Dear JMP Community,
Machine info: W7 Enterprise 64-bit, JMP Pro 14.1.0
I am interested in transforming a column of data to help highlight the distribution in values within binning ranges. The original data are integers and more or less normally distributed (see Y3 distribution below), but I'd like to transform the data in such a way that it takes the data in a bin range and spreads it out so as to better capture the range of data within a bin (see Y2 distribution). I am including several images to help explain what I'm trying to do -- they are artificial images showing the link, just there to show the desired outcome.
I don't think it's something quite as easy as doing a "center" or "standardize" transformation as neither of those really spread out the data enough (see the highlighted portions in the images). Nor do the Box Cox, or the log transforms. Maybe it's something that would require more than one transformation?
Any suggestions are much appreciated.
If you want to look at a specific range of the data in a histogram, and to change it's binning precision level, you can easily do that by interactively stretching the axis scale and then using the Hand tool, the bin sizes can be changed.
Is this what you are needing to do?
Thanks for the feedback. Yeah, I have looked into that, but it's not really what I'm after.
What I think I need to do is actually transform the data, but I'm not sure what the best way to do it is. If I try the "standard" options of transforming the data, the resulting distributions don't distribute out the data across a broader range.
For example, in the last set of distribution images I posted, the highlighted bin contains only 3 different integer values within that bin (65, 66, 67) [it's hard to see, I know]. But, what I'd like to do is transform it so that it has more of a continuous distribution from say, 0 to 10. If I transform the data with a log (ln) function, it still is only binning those three integers into three new non-integer rational numbers, not transforming the integer into a continuous distribution.
I think what I'd like to do is transform the integers, e.g. all values of 66, into a continuous distribution, but do this to the entire set of integers, which span the range 27 to 90. Is there a way to transform integers into a probability?
Thanks for the feedback and help!,
I don't think there is any "best" way to do what you want to do. Since you are *ADDING* variability, you will need to make some assumptions. For example, suppose the value is 65. We have to assume that the 65 is "correct" but greater precision is not available due to measurement error (or reporting round-off or something like that). One way to accomplish this is to create a column of random normal variables with a mean of zero and a standard deviation of approximately 0.33. Now add this column of random numbers to your integer values. This should "convert" the integers into a continuous scale.
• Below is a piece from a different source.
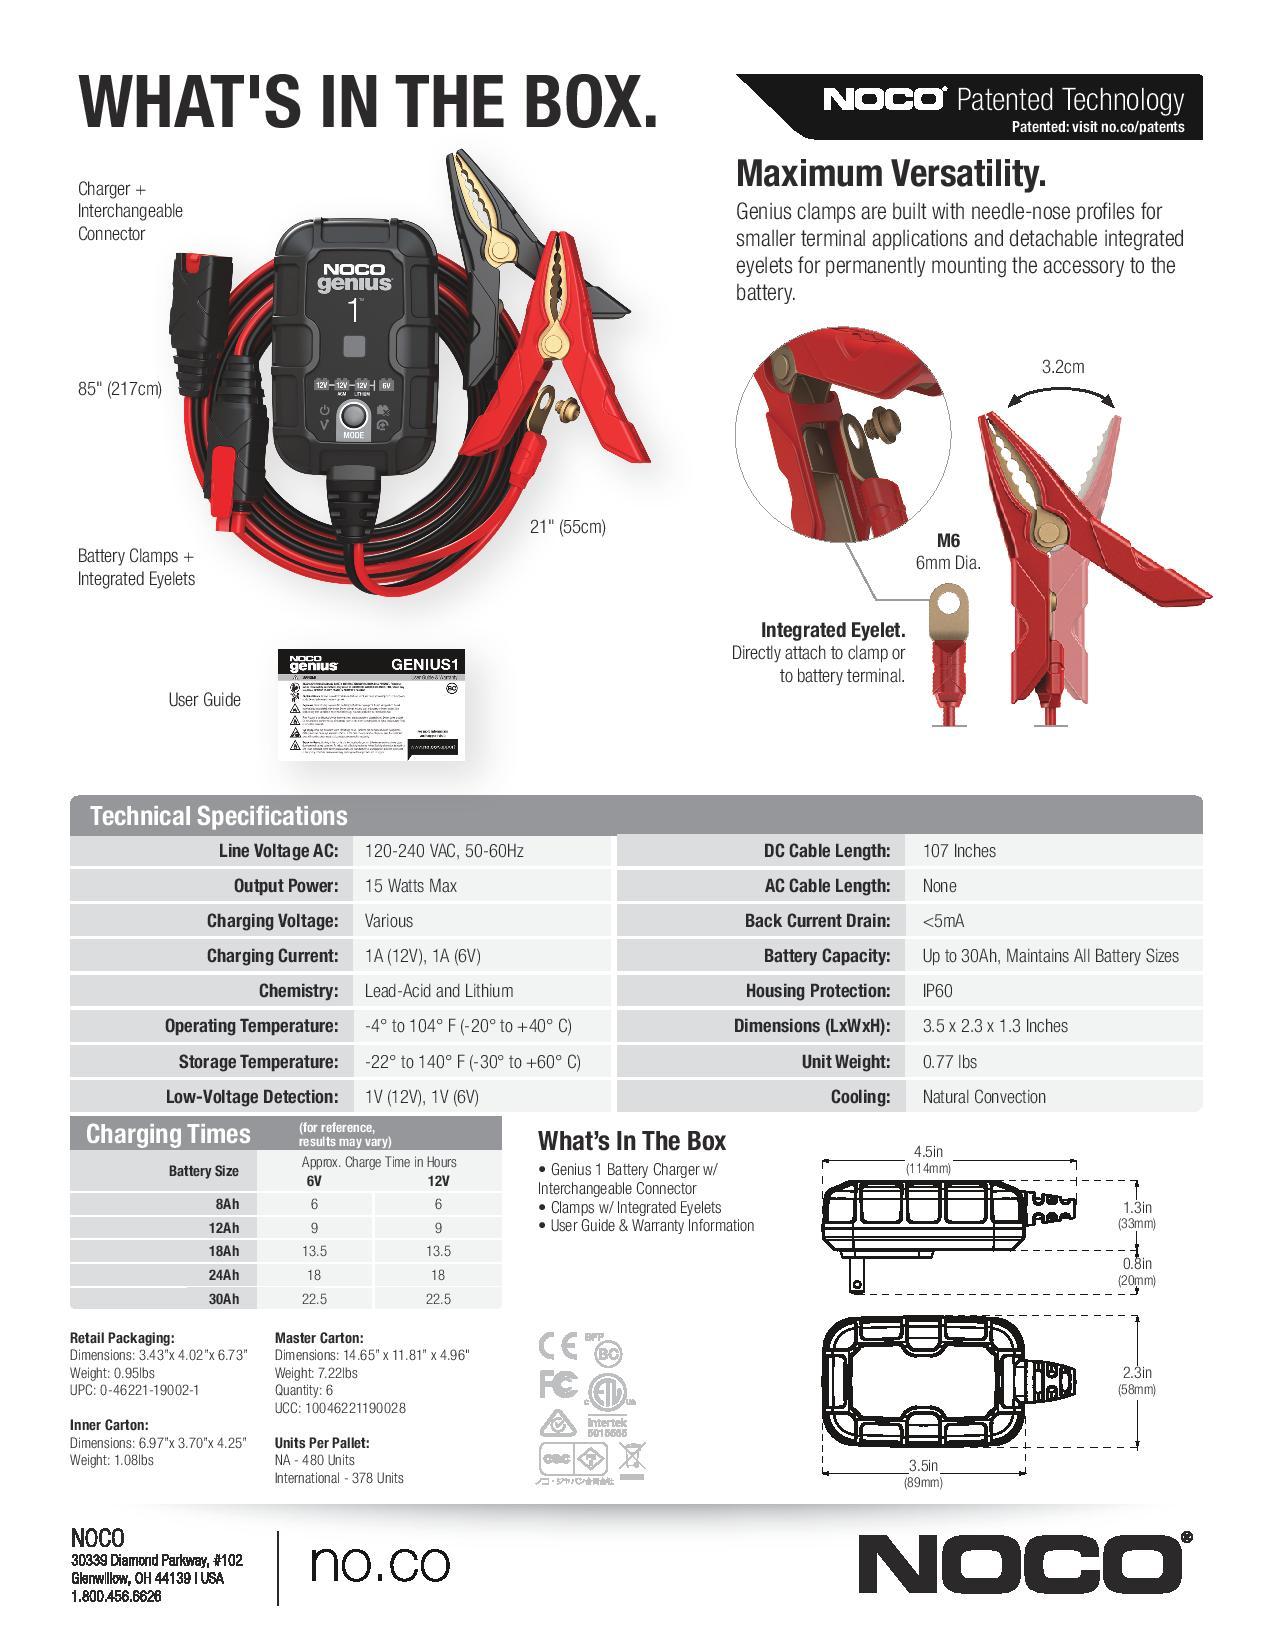 NOCO GENIUS1 6V/12V 1-Amp Smart Battery Charger - Maiden Electronics
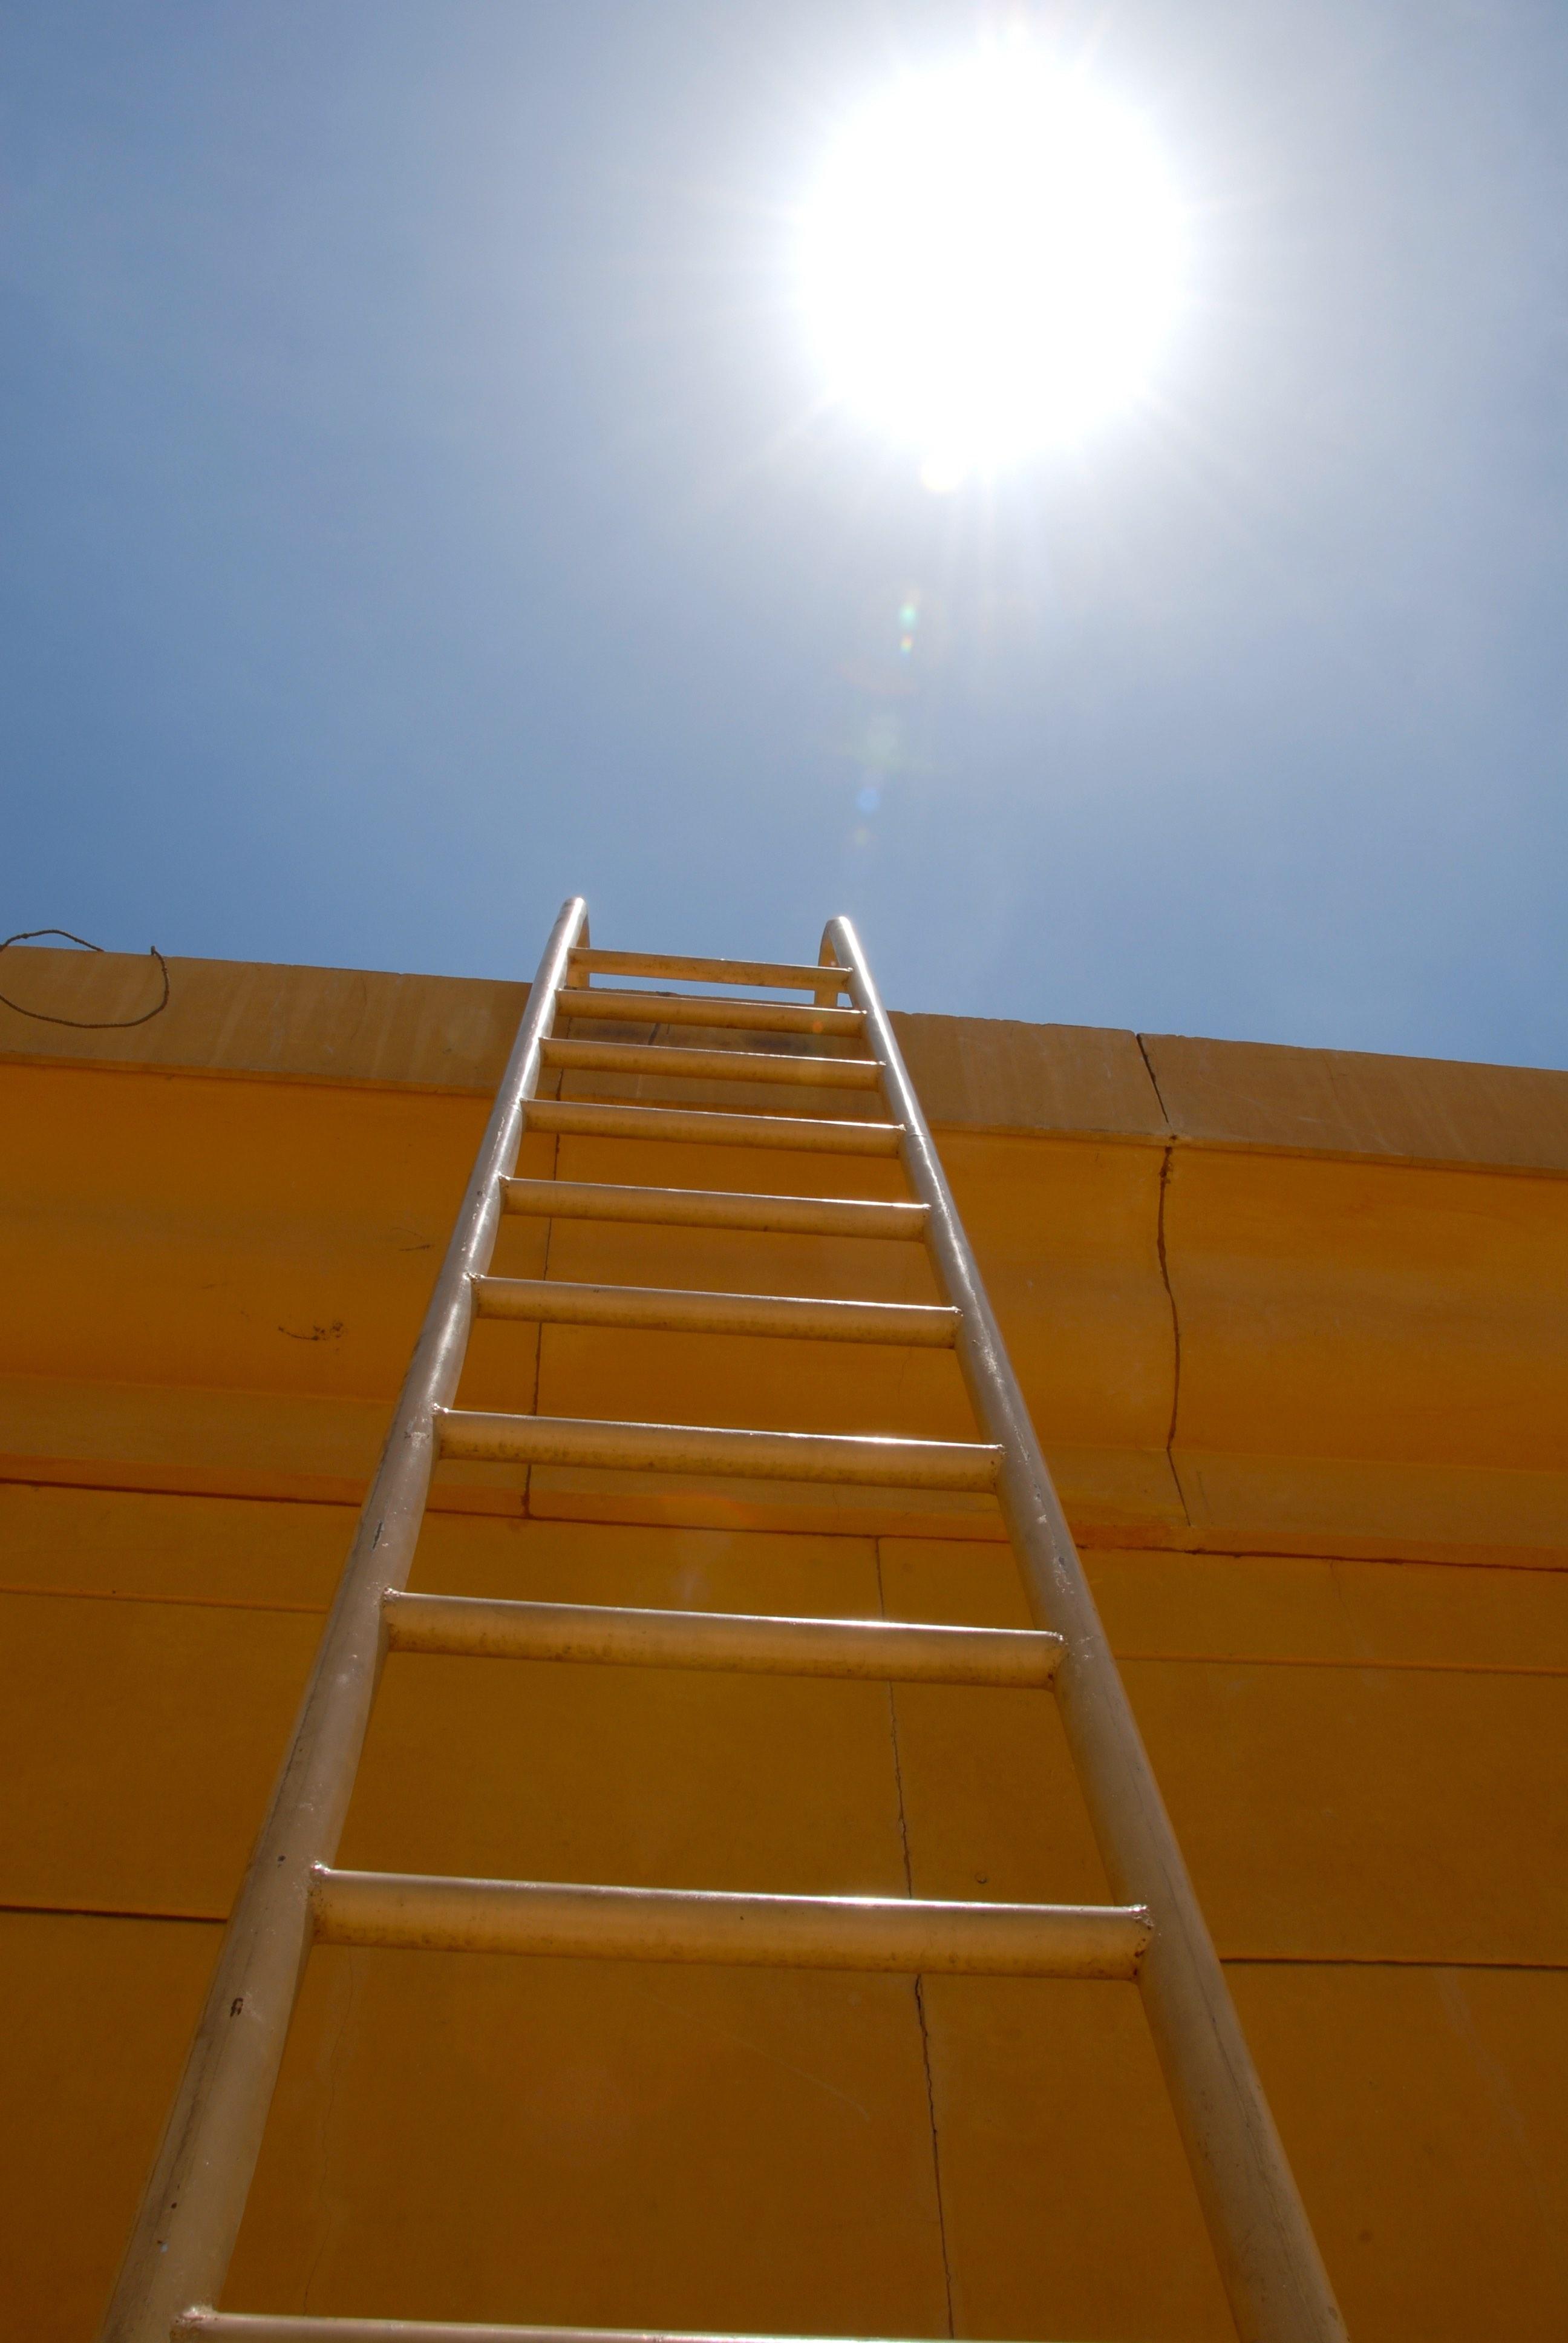 Ladder smaller

I used a standard deviation of 0.33 because 3*.33 is 1, so it should be adding numbers roughly between -1 and +1. Therefore, you should still be reasonably close to the integer value.
As a proof of concept, I created a column of 100 integers, called X. I created the RanNor column as a set of random normal numbers. Finally NewX is simply X + RanNor. Here are the results:
NewX has a very similar shape to X, but you can see by the statistics that it does indeed have some "additional" variability without massively altering the statistics of the original data.
Is this what you are looking for??
I should add that the histograms should look similar since the purpose is to change the data, but not so much as to alter the message the data convey. To show more of the bars like you wanted in your original post, you will need to change the bin width as TXNelson suggested. Then you will see the spread around each of the integer values.
It sounds like what you need to do, is to use the ability in JMP to generate your own graph, of whatever design you want it to be. You use JSL for this.
And yes, you can get the probability of a given distribution by using Normal Distribution() function or the xxx Distribution() function for the distribution you are interested in. Here is an example of the Normal Distribution() function
Names Default To Here( 1 ); New Window( "Example: Normal Distribution", y = Graph Box( Y Scale( 0, 1 ), X Scale( -4, 4 ), XName( "q" ), Pen Color( "red" ); Y Function( Normal Distribution( q ), q ); ) );
Your suggestions were very helpful, and I do believe this is the direction I need to go.
I'm thinking that I might need to modify things a bit, though. I'm thinking that in order to best try and preserve the distribution of the original data, to try and do something like you suggest, but with a normal mixture function instead. As @txnelson pointed out, I am basically trying to take my CDF, which shows the integer property of my data as a stepped-CDF, and turn it into a continuous function.
I can get the location, dispersion, and probability values of a normal 3-mixture fit (from the continuous fit option in the distribution platform) and use those as the vector inputs to the normal mixture function, but I'm not sure if this is appropriate. For example, I'm not sure if I should work off the original data, a standardized version of it, or a centered version. All version result in a normal 3 mixture as the best fit, but with different dispersions and locations (probabilities are all the same, which is not too surprising.
Ultimately, I need to take the final distribution and feed it to a logist function so I can get a probability of an event as either a yes/no and evaluate the IfMax of the yes/no logist functions (there are too many levels in my column to assign a profit matrix to the data).
Thanks for your feedback and input as it helps to ponder the best approach for analyzing my data.